We then estimated VOC inducibility for each seedling as the difference between its induced value and that of the control seedling from the same maternal tree. Unlike phenolics, only one block was used for VOCs, so no repeated measures were generated. When no control was available within a population, a control from another population of the same species was randomly selected. We then fitted GLMMs using glmmTMB with a Gaussian distribution and identity function (Faraway 2006), including insularity, study region, and their two-way interactions as fixed factors. Inducibility values were standardized (mean = 0, SD = 1) to improve the numerical stability (Faraway 2006). Seedling height and herbivory damage were included as covariates, and population and oak species as random factors. Fixed effects and post-hoc contrasts were assessed as above.

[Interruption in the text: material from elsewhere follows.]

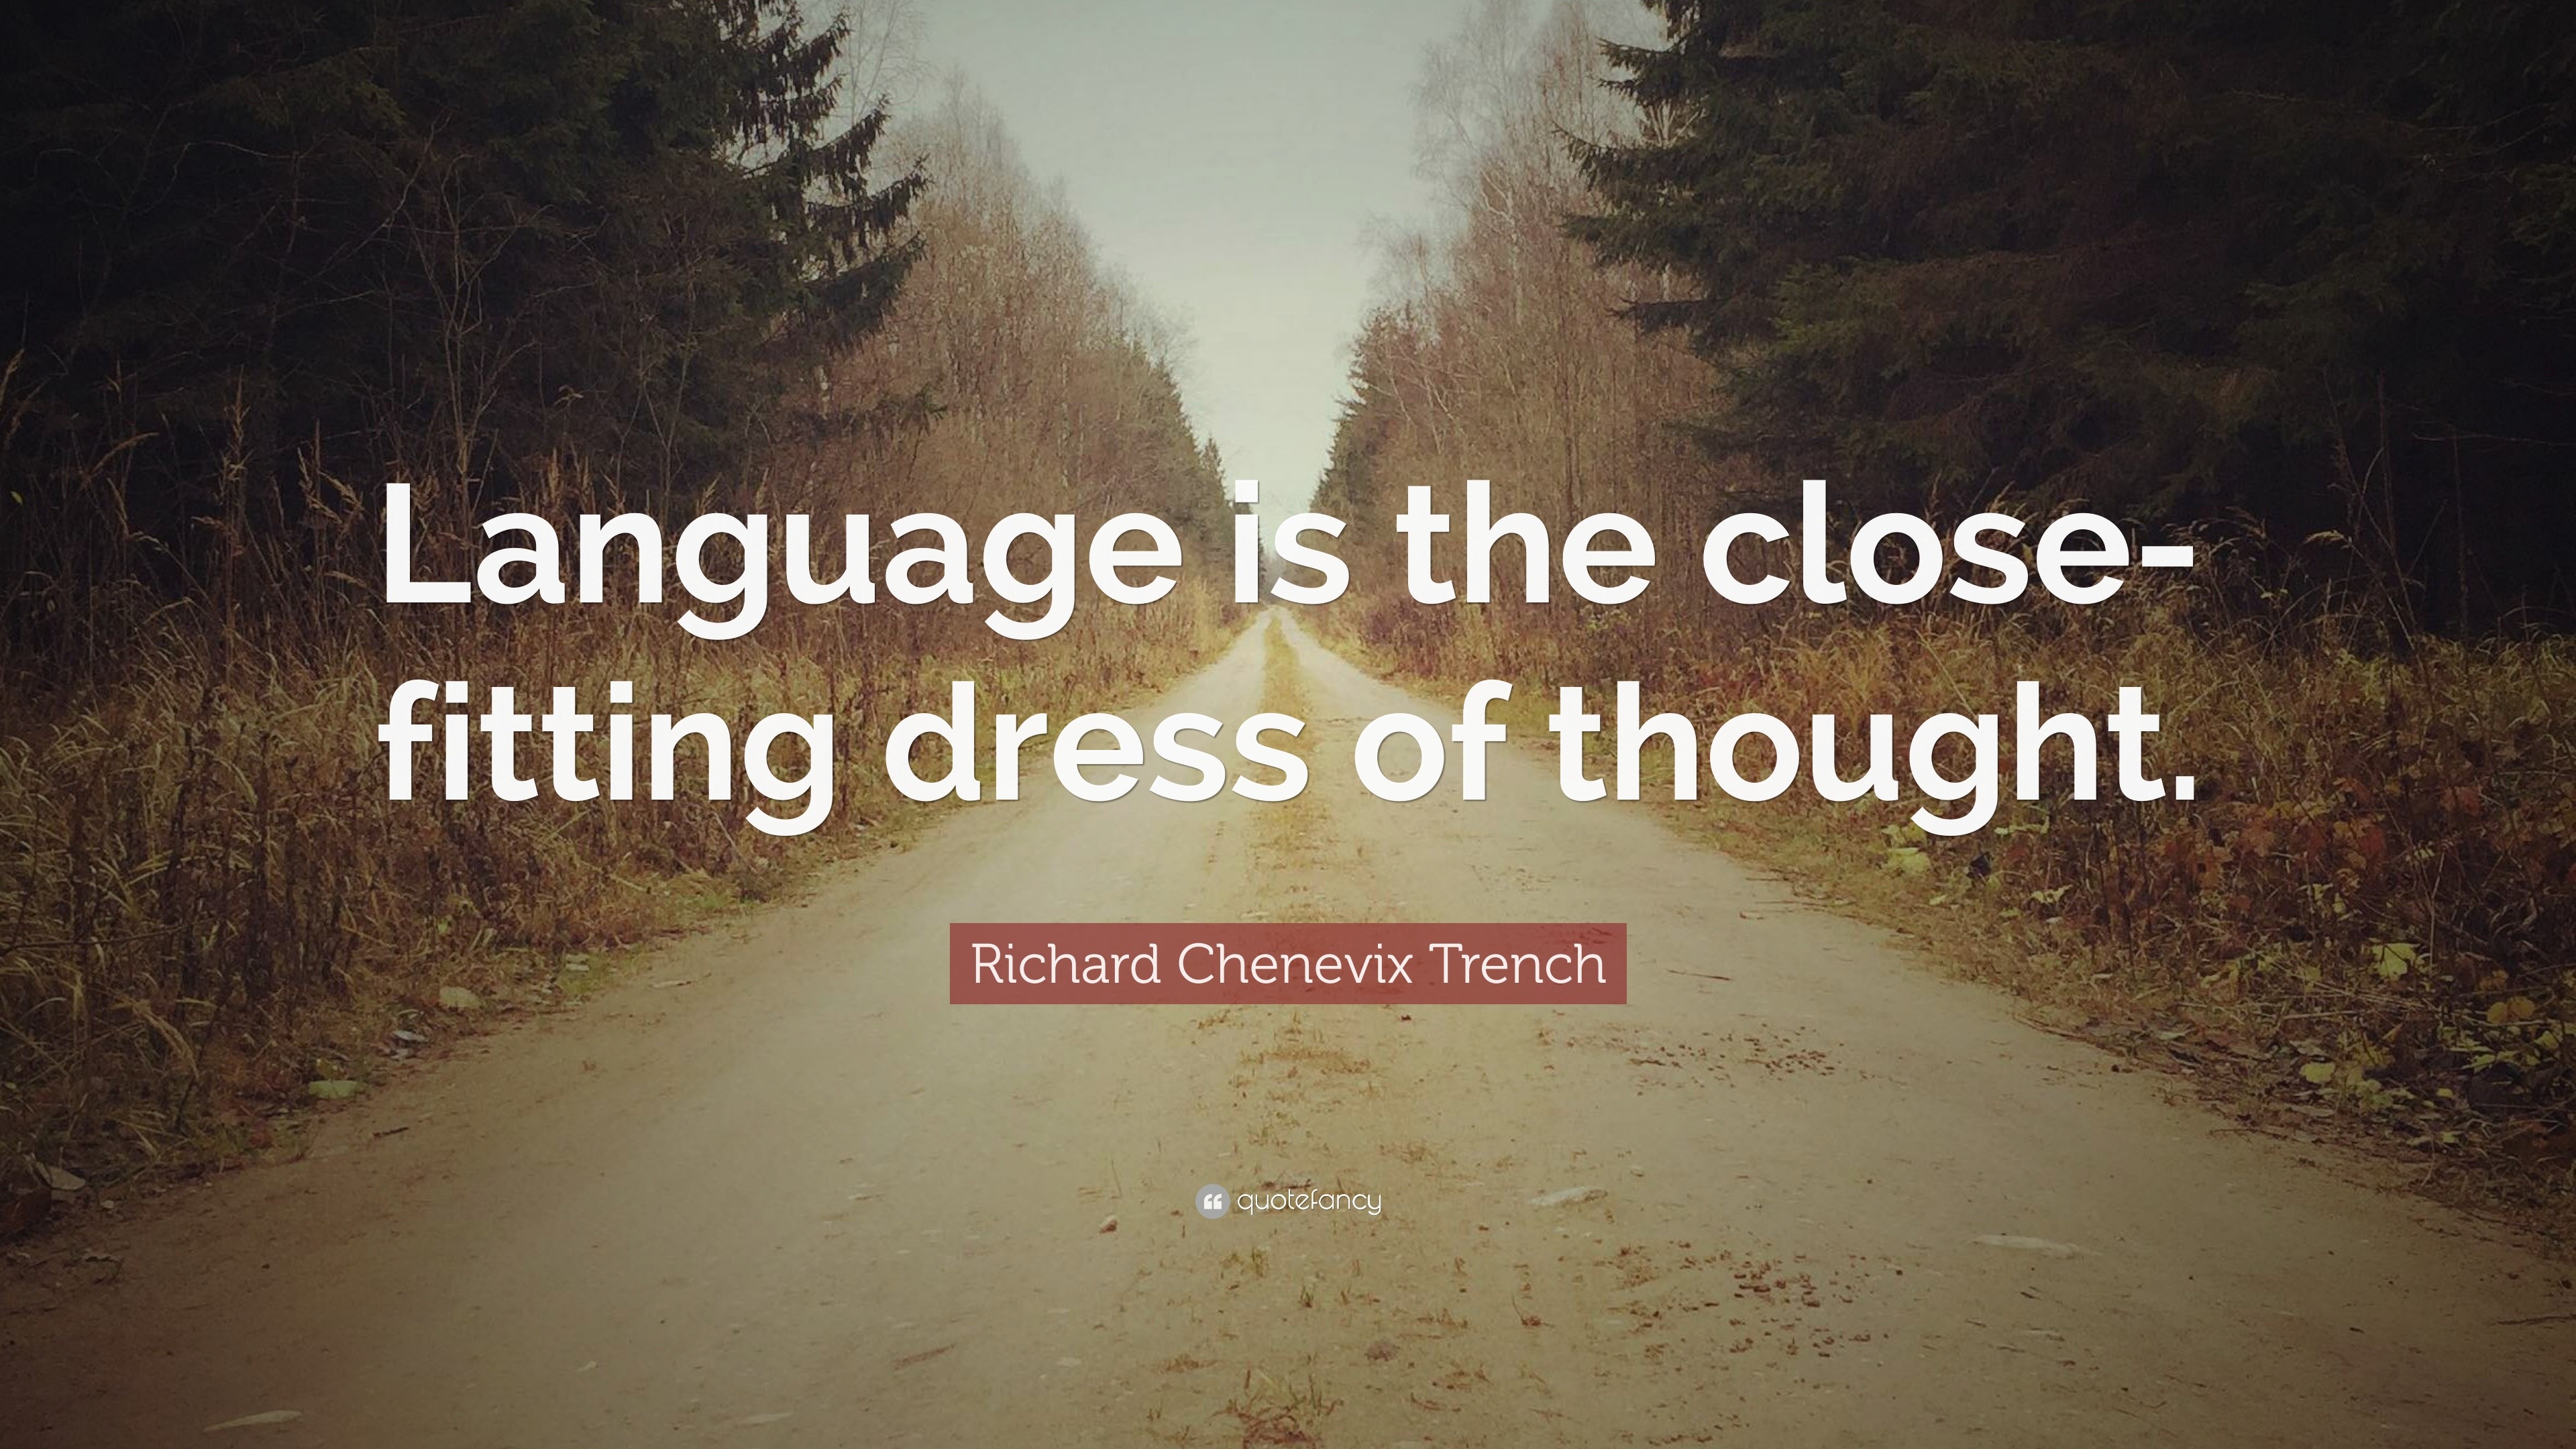 1398670 Richard Chenevix Trench Quote Language is the close fitting dress

Finally, we tested insularity effects on seedling regrowth capacity post damage by fitting a GLMM using glmmTMB with a Gaussian distribution and identity link (Faraway 2006), estimated by REML (Restricted Maximum Likelihood) to perform an ANCOVA on plant height. Specifically, we tested whether regrowth capacity following herbivory differed between island and mainland seedlings and whether any such pattern varied across study regions. The model included time (weeks since larval removal), insularity, study region, and their two- and three-way interactions as fixed factors, with herbivory as a covariate. Population, oak species, block, and the interaction between insularity and block, and seedling ID were included as random factors (the later accounting for repeated measures over time). We assessed fixed and random effects as described above. We focused on two key outputs: (1) a significant time × insularity interaction revealed that regrowth capacity differed between island and mainland populations over time, and (2) a significant time × insularity × study region interaction indicating that the effect of insularity on regrowth capacity varied among regions over time.